◆ **YOUR INSTRUCTIONS**
The full listing should be written out verbatim, and its images should be dropped.

◆ **THE DATA**
+++

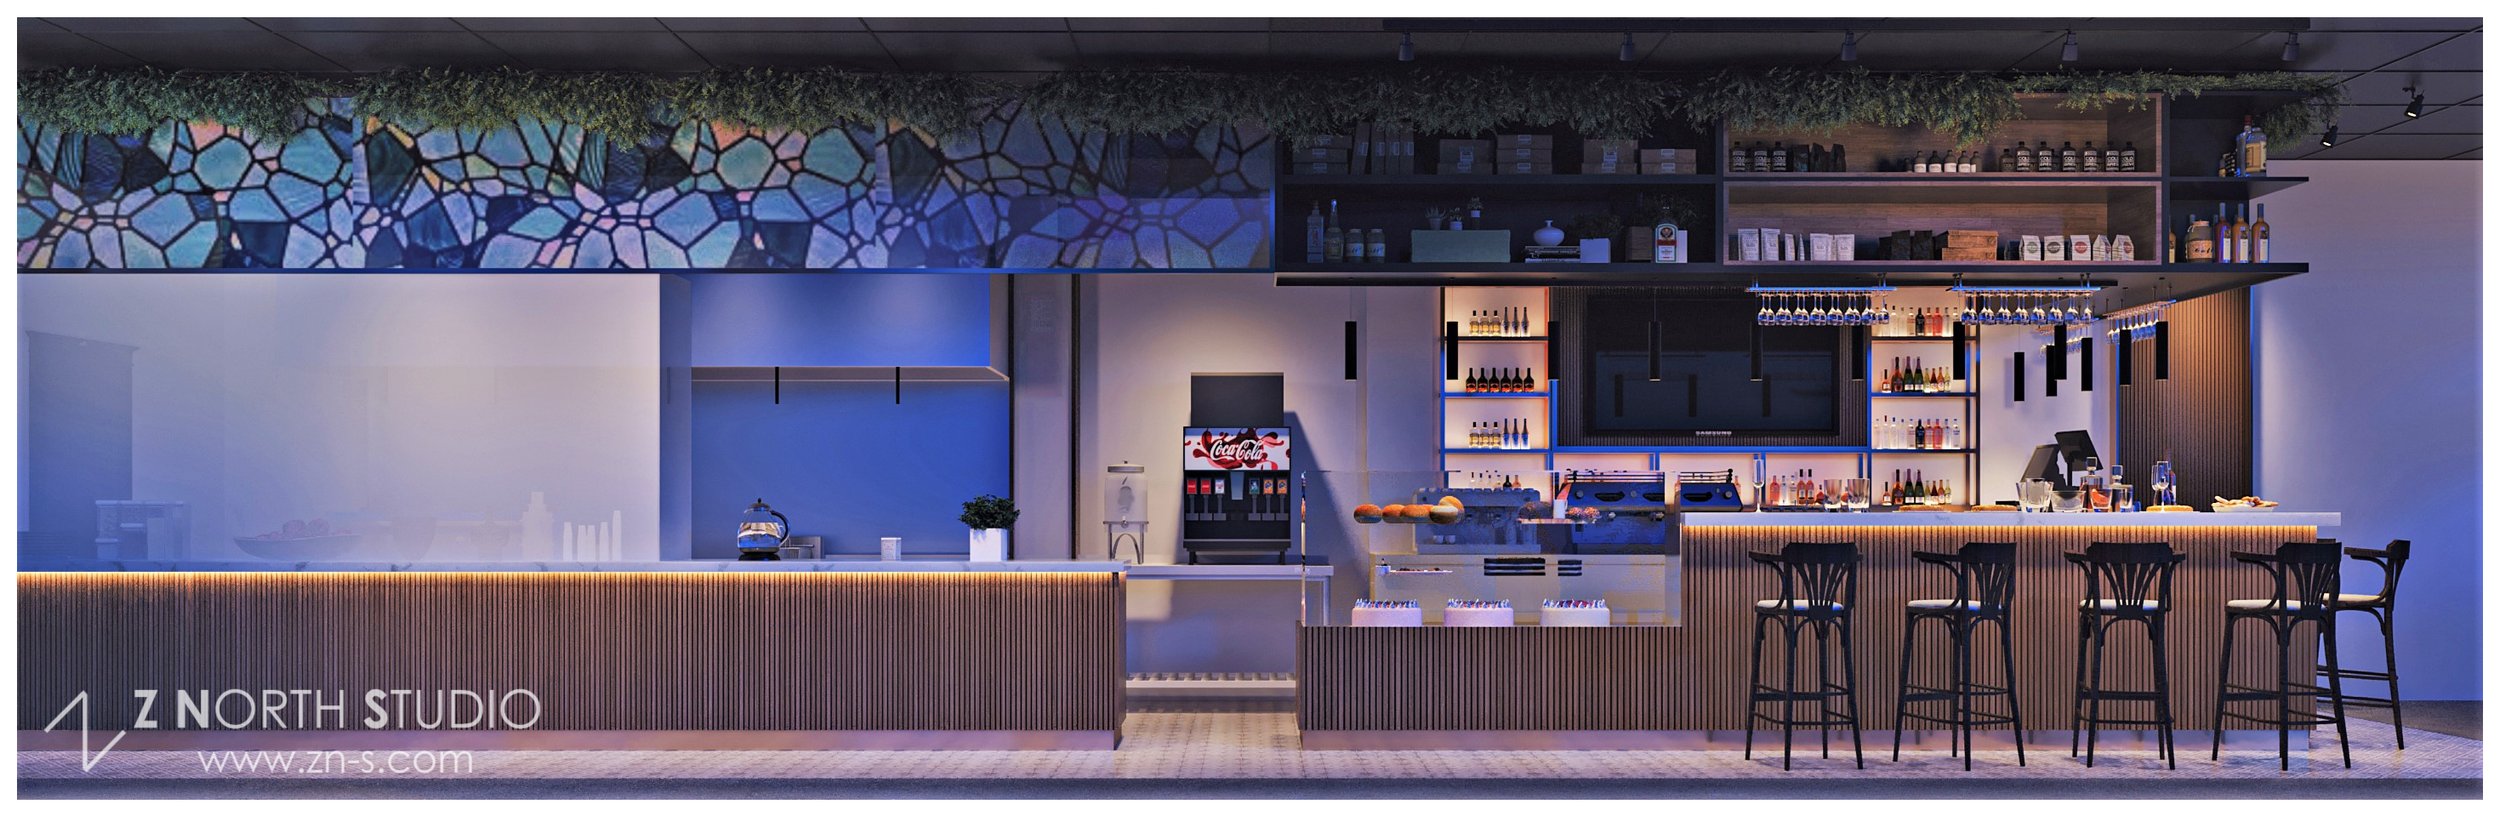 Pan Am Restaurant Interior Design Z North Studio  Virgina Bar (5).jpg
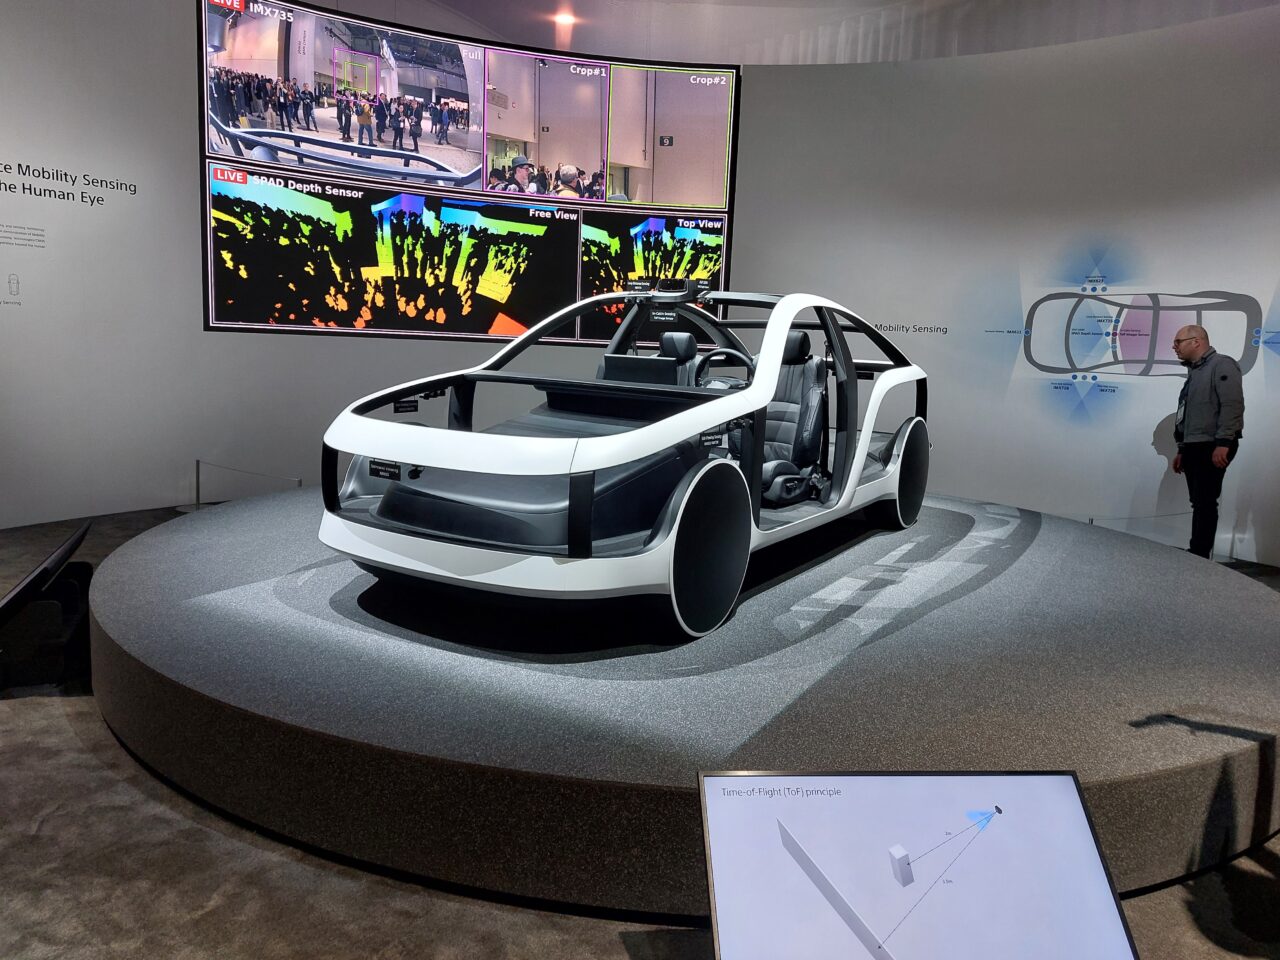 Koncepcyjny elektryczny pojazd na okrągłym podium z otwartymi drzwiami eksponowany podczas targów technologicznych, z mężczyzną stojącym z boku i ekranami wyświetlającymi prezentacje technologiczne w tle.
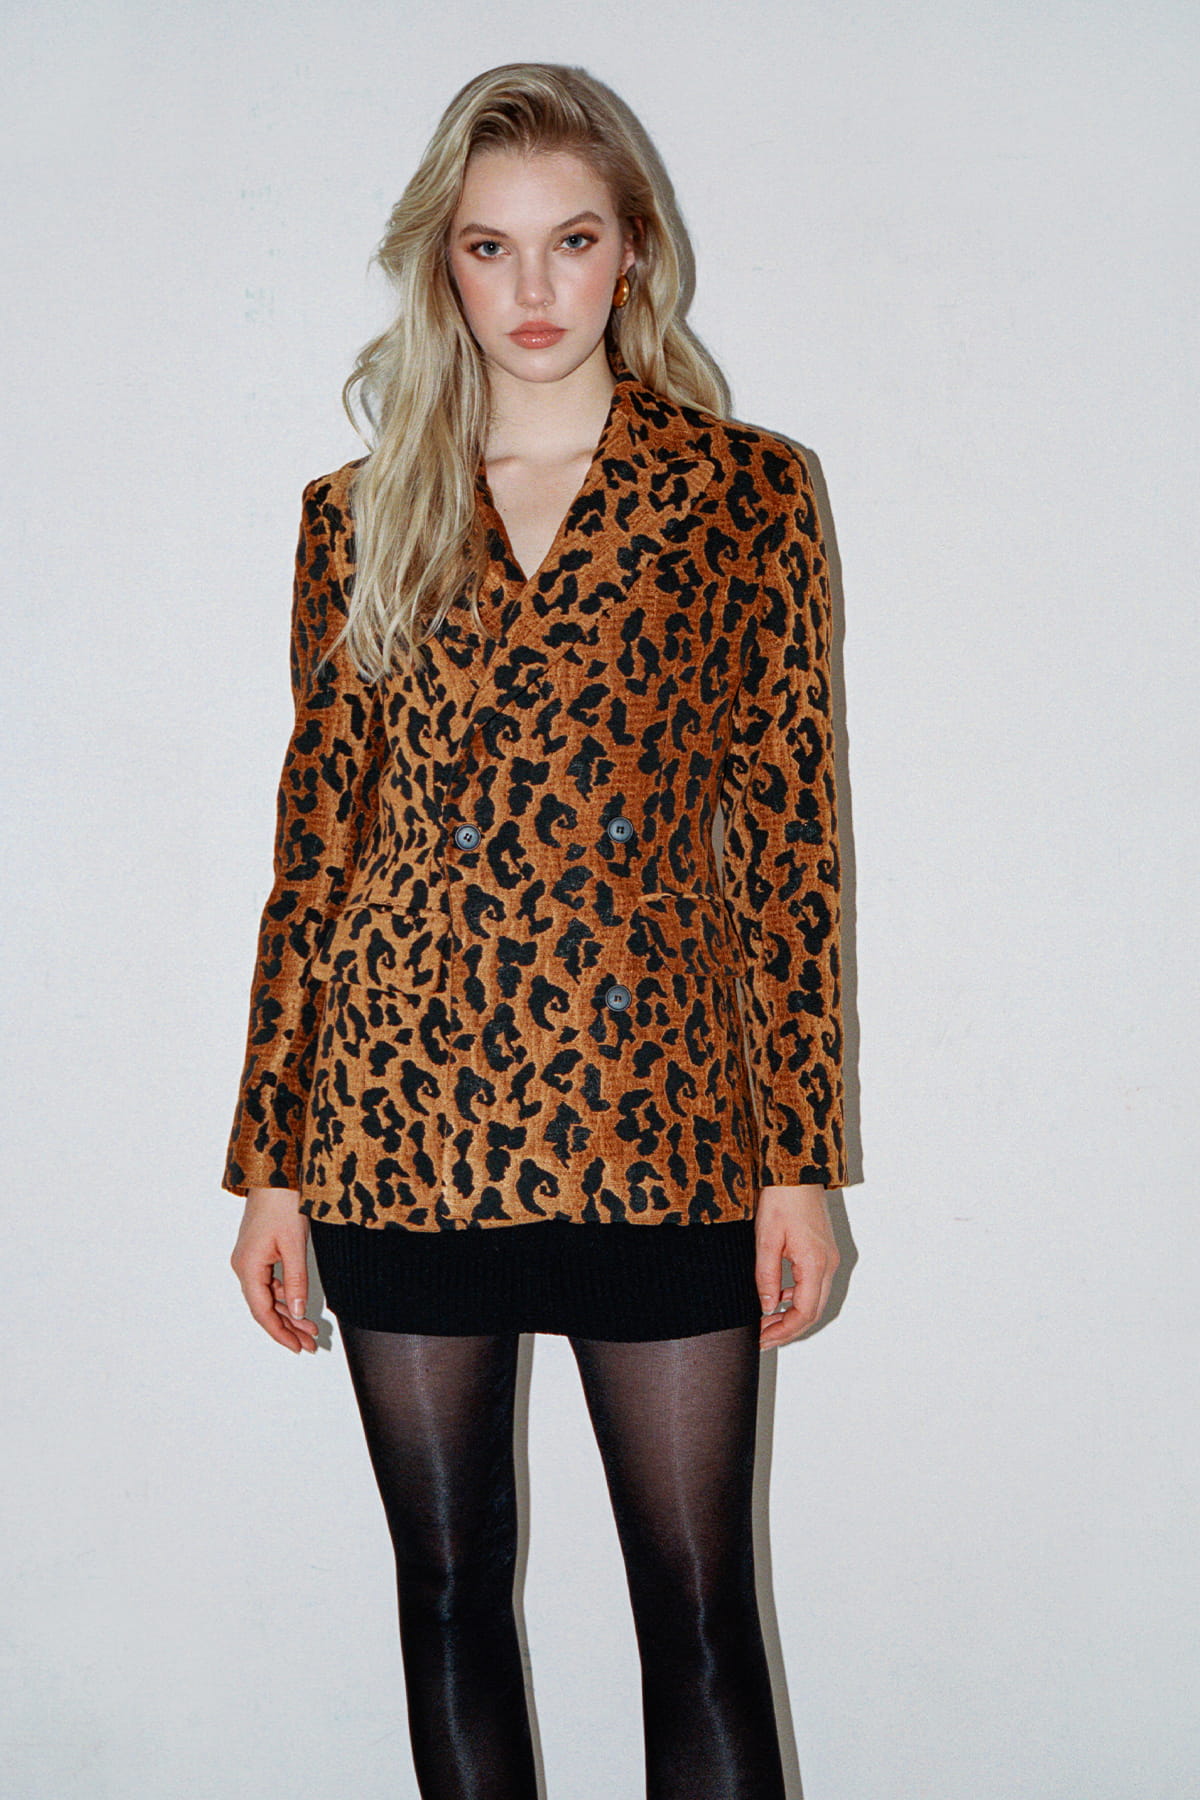 RAVEL Velvet Leopard Patterned Jacket

+++

◆ **RESULT OF THE EXERCISE**
 Pan Am Restaurant Interior Design Z North Studio  Virgina Bar (5).jpg
 Koncepcyjny elektryczny pojazd na okrągłym podium z otwartymi drzwiami eksponowany podczas targów technologicznych, z mężczyzną stojącym z boku i ekranami wyświetlającymi prezentacje technologiczne w tle.
 RAVEL Velvet Leopard Patterned Jacket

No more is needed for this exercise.